__Problem details__:
Print out all of the records exactly; no picture belongs in the result.

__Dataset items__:
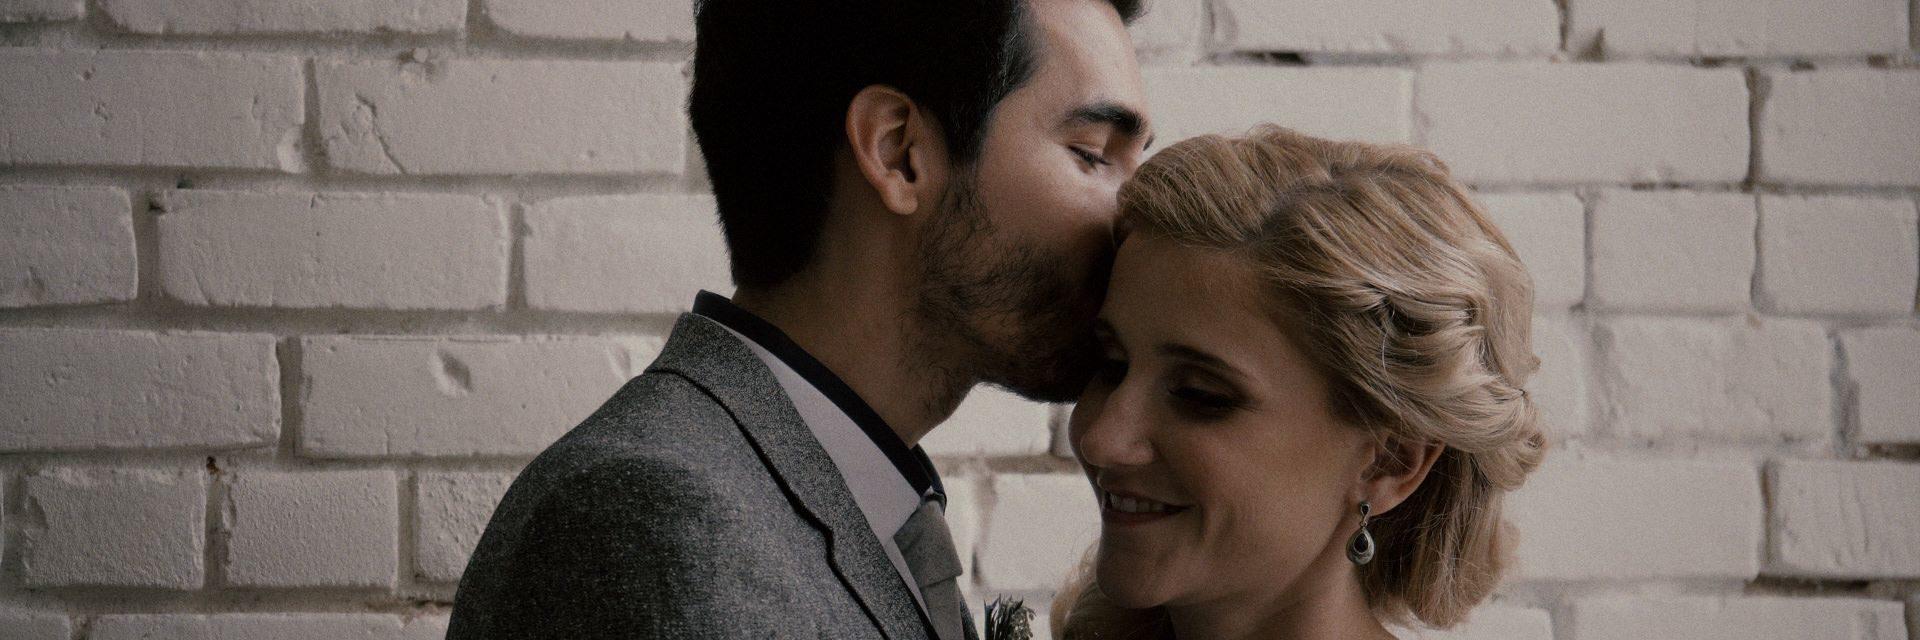 Piedmont-wedding-videographer-cinemate-films-03
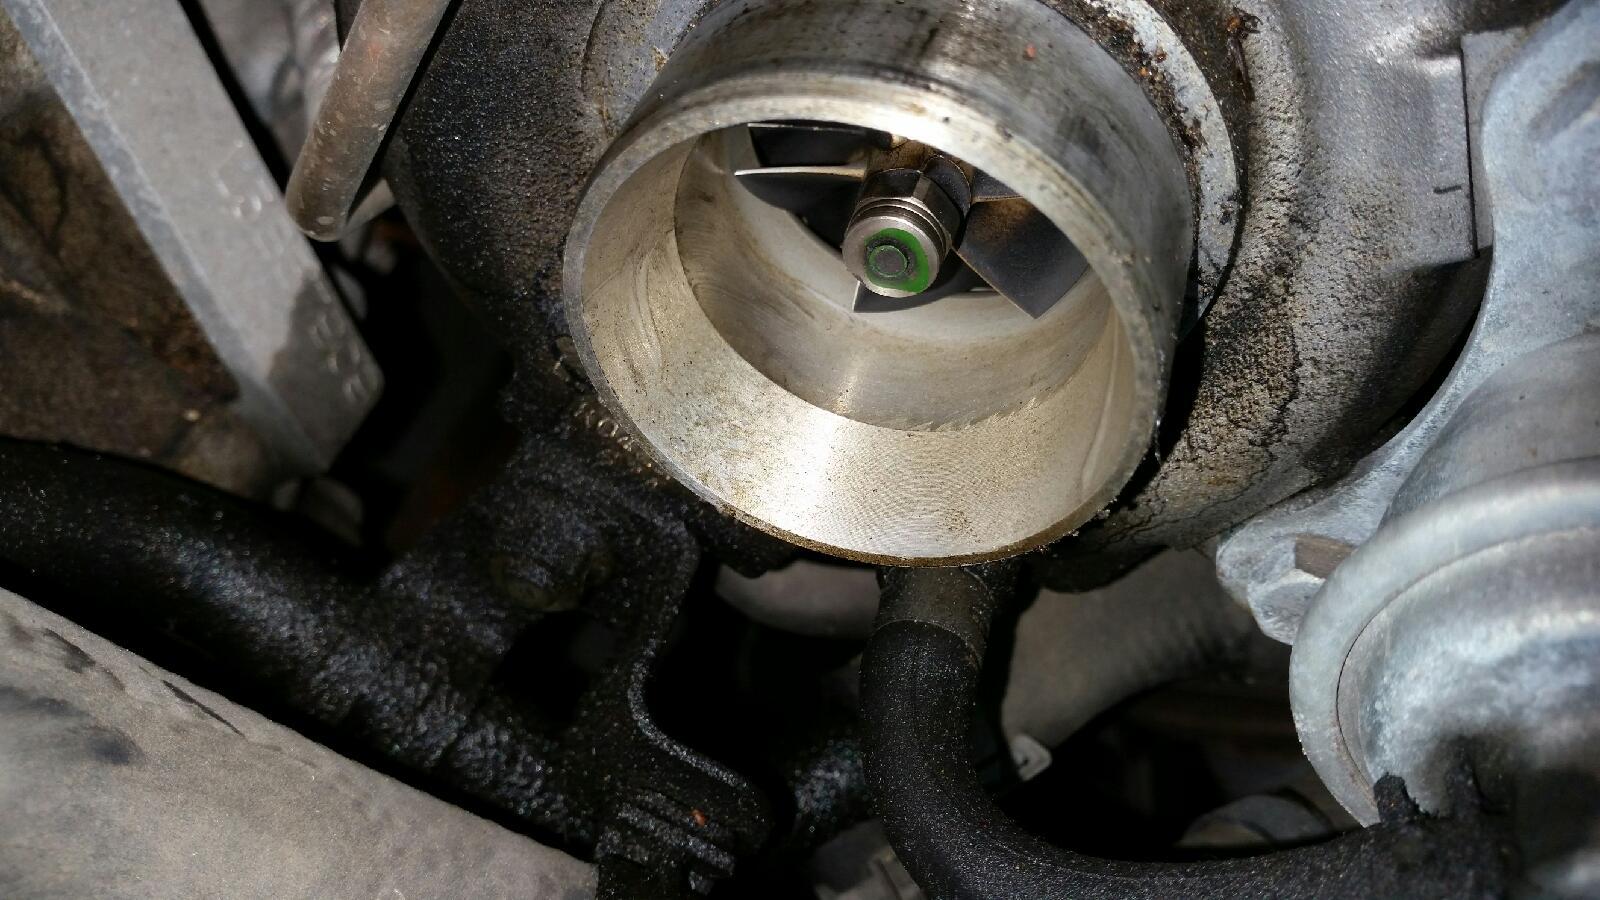 2007 mazda cx-7 vvt actuator noise
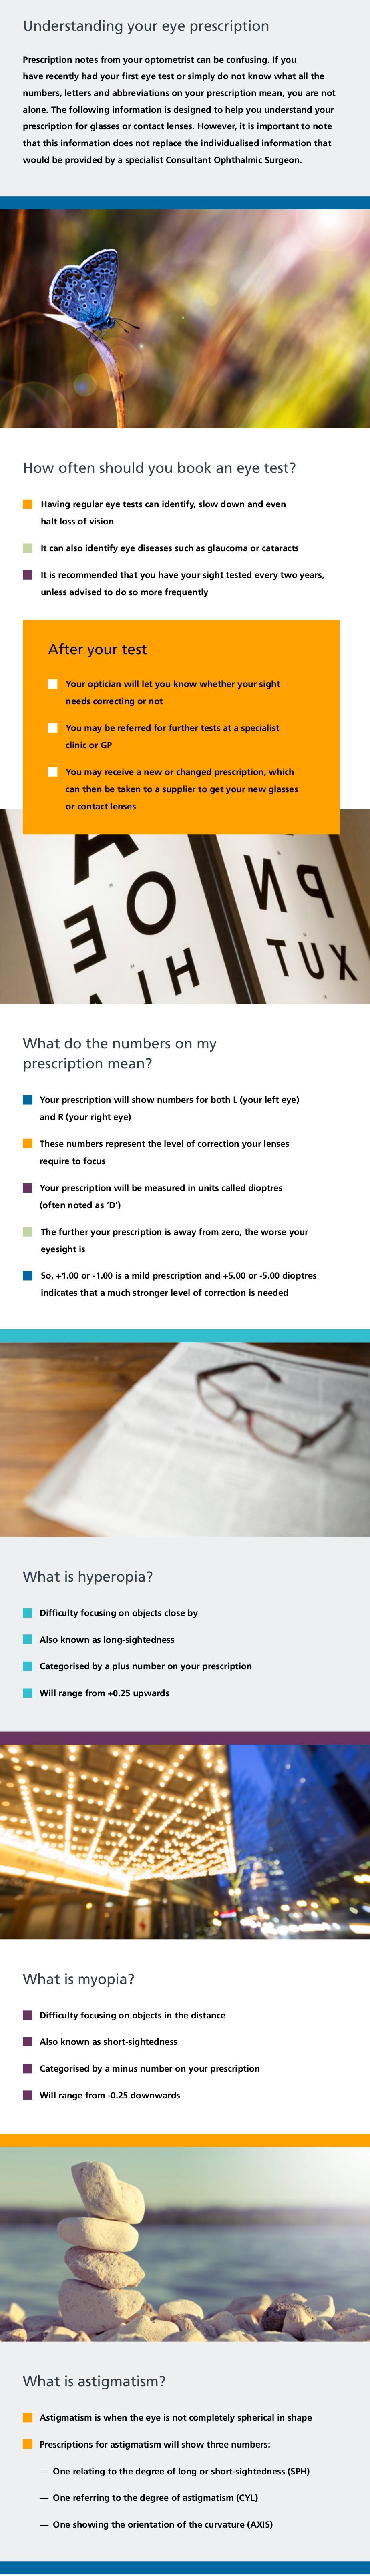 33509_consumer-blog-eye-understanding-your-eye-prescription.jpeg
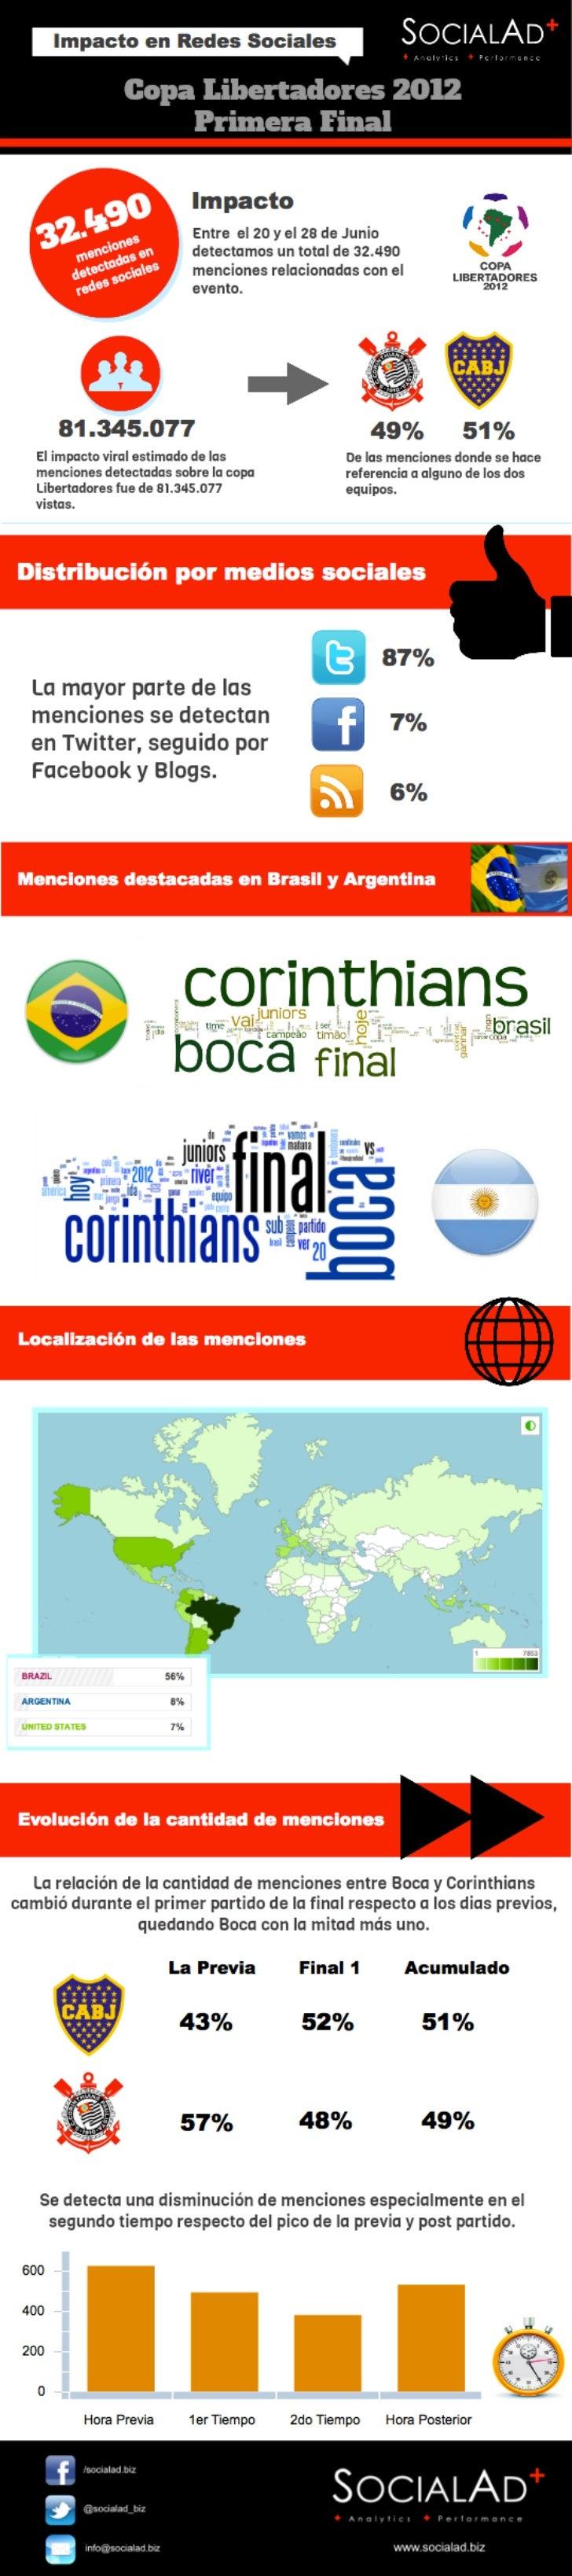 Copa Libertadores Final 1. Impacto en Rede Sociales. SocialAd
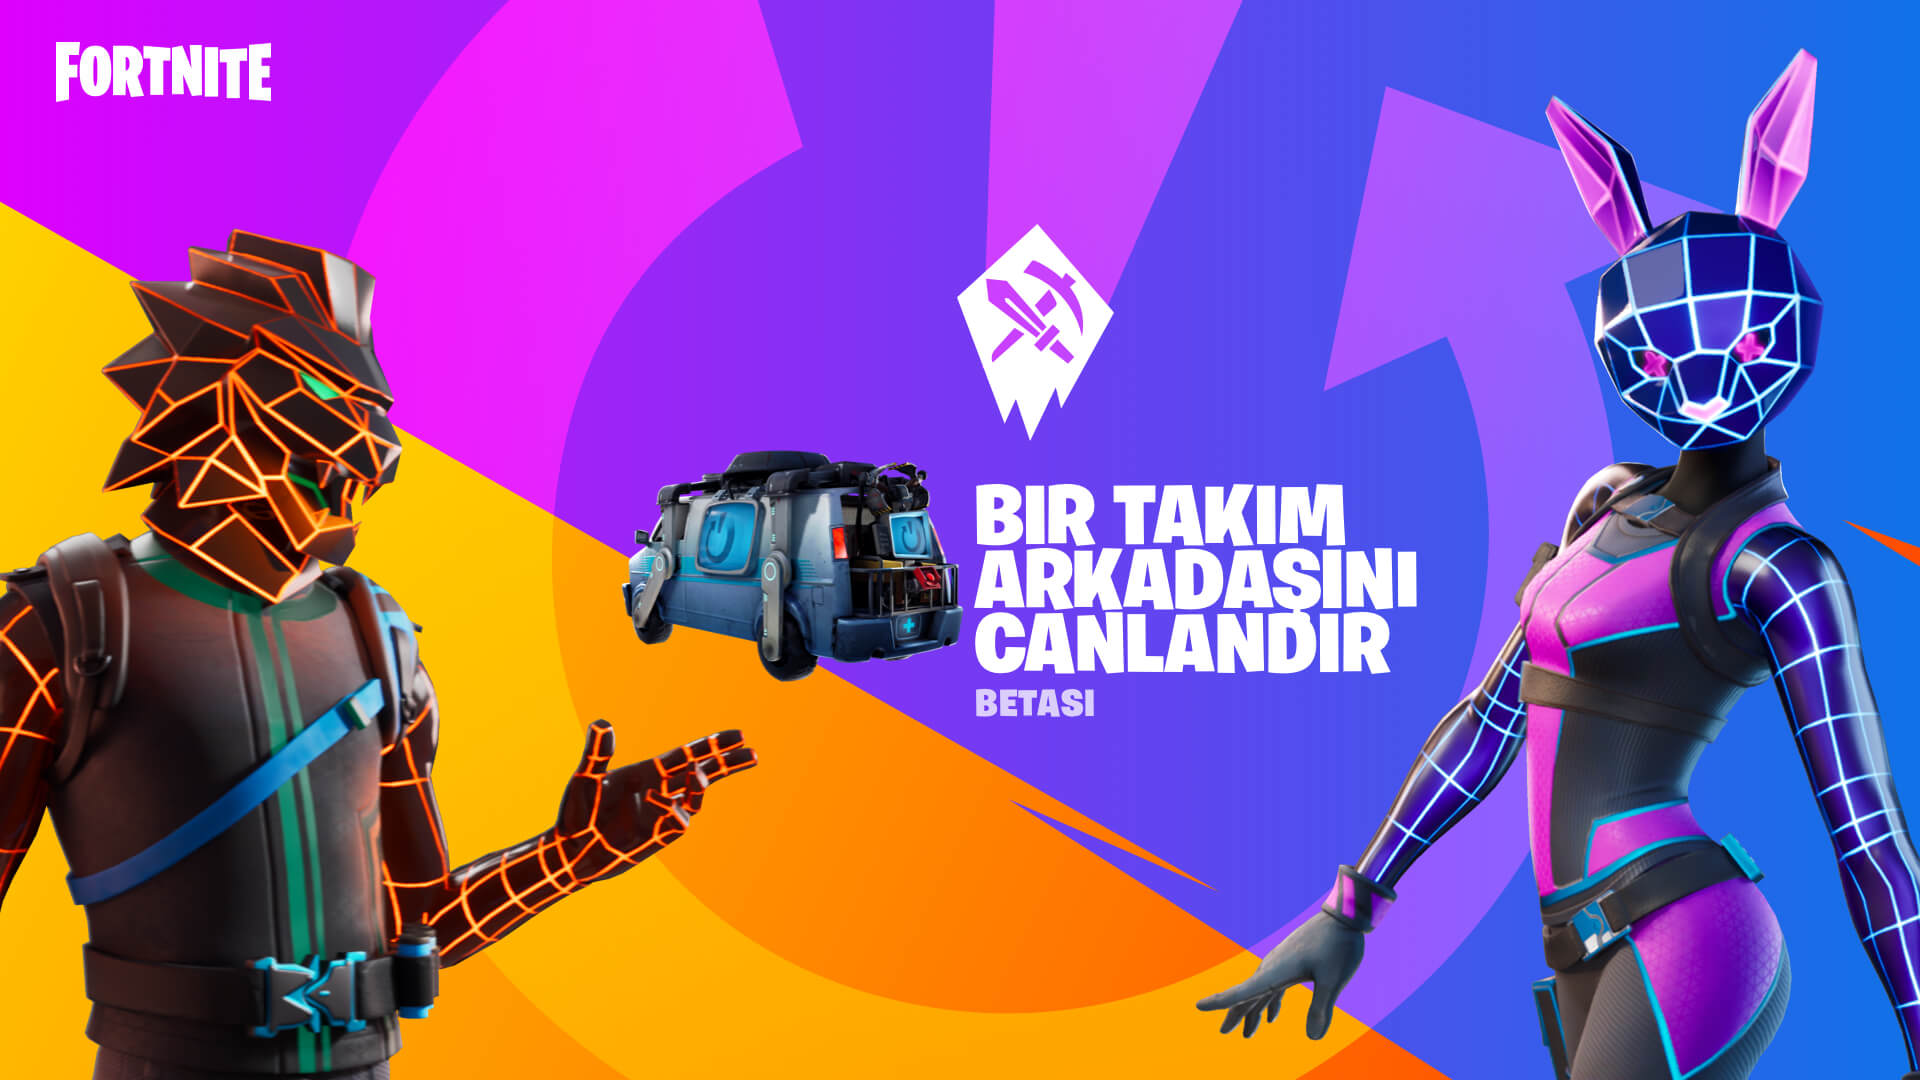 1920 1080 Turkish

__Result__:
 Piedmont-wedding-videographer-cinemate-films-03
 2007 mazda cx-7 vvt actuator noise
 33509_consumer-blog-eye-understanding-your-eye-prescription.jpeg
 Copa Libertadores Final 1. Impacto en Rede Sociales. SocialAd
 1920 1080 Turkish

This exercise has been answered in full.